Excluding all pictures, please output the listing exactly.

● Supplied material:

# # # # #

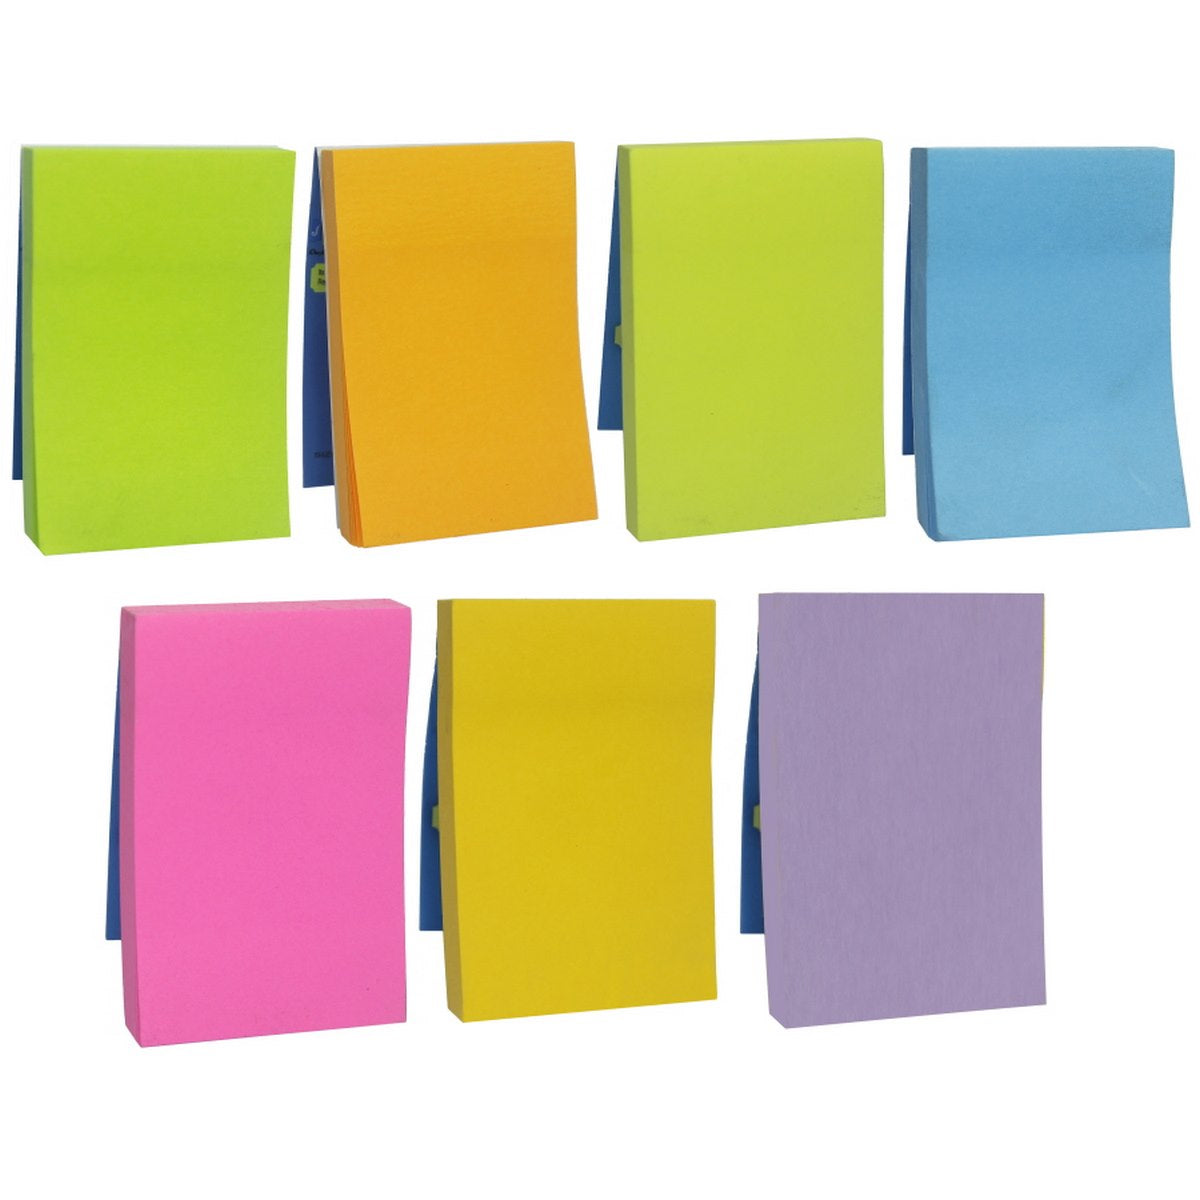 jags-mumbai Sticky Notes Neon Sticky Note Pad (Pack Of 6)
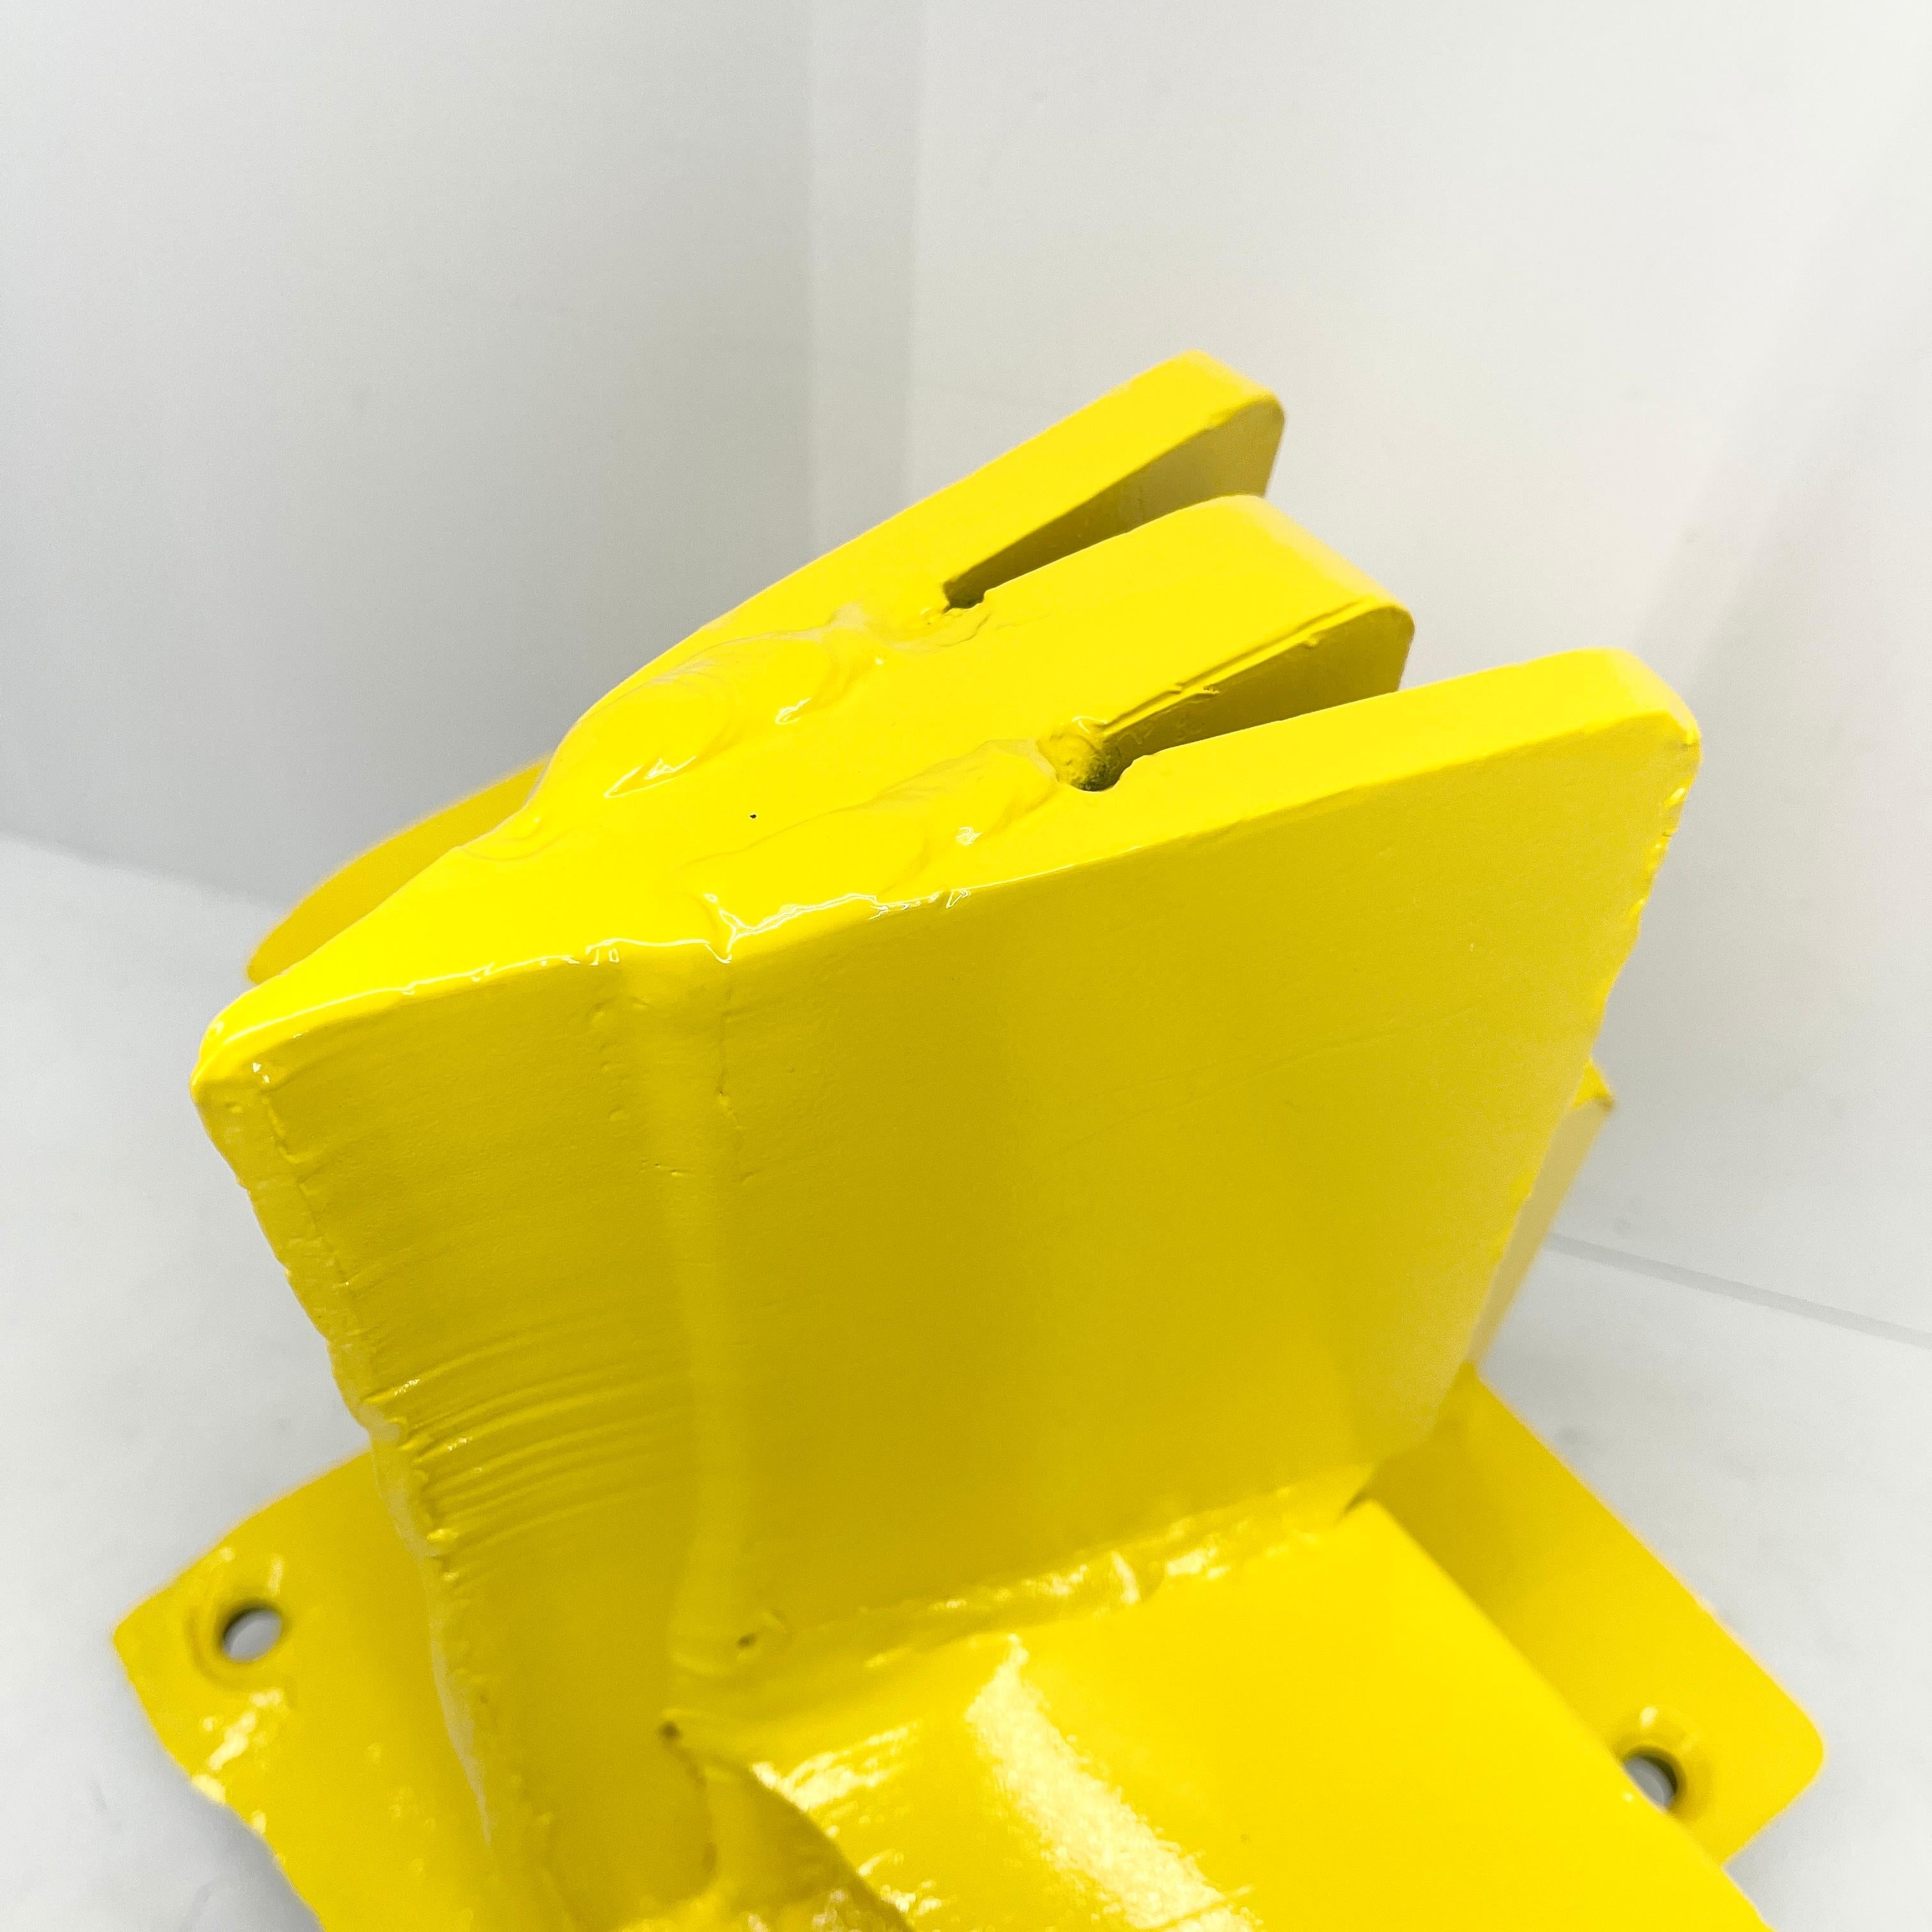 Bright Sunshine Yellow Abstract Eagle Head Sculpture From a 3 Way Wood Splitter For Sale 3
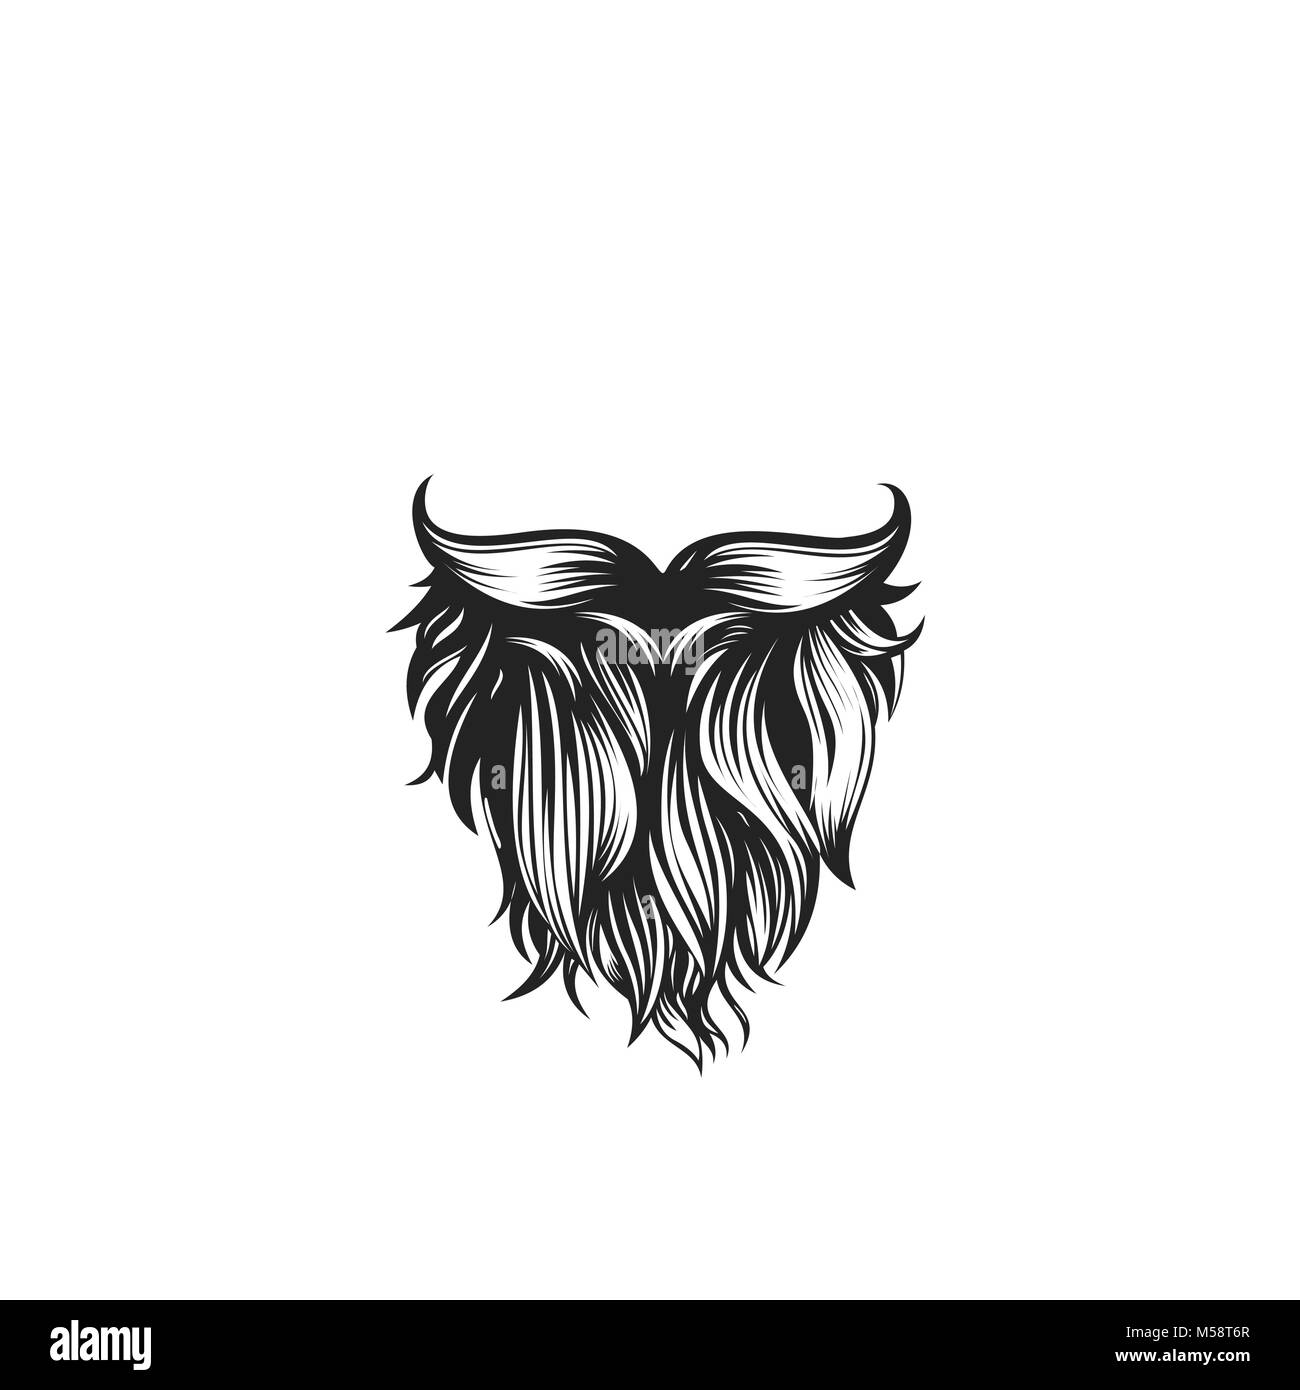 Black curly beard with mustache vector illustration. Stock Vector

# # # # #

● Answer space:
 jags-mumbai Sticky Notes Neon Sticky Note Pad (Pack Of 6)
 Bright Sunshine Yellow Abstract Eagle Head Sculpture From a 3 Way Wood Splitter For Sale 3
 Black curly beard with mustache vector illustration. Stock Vector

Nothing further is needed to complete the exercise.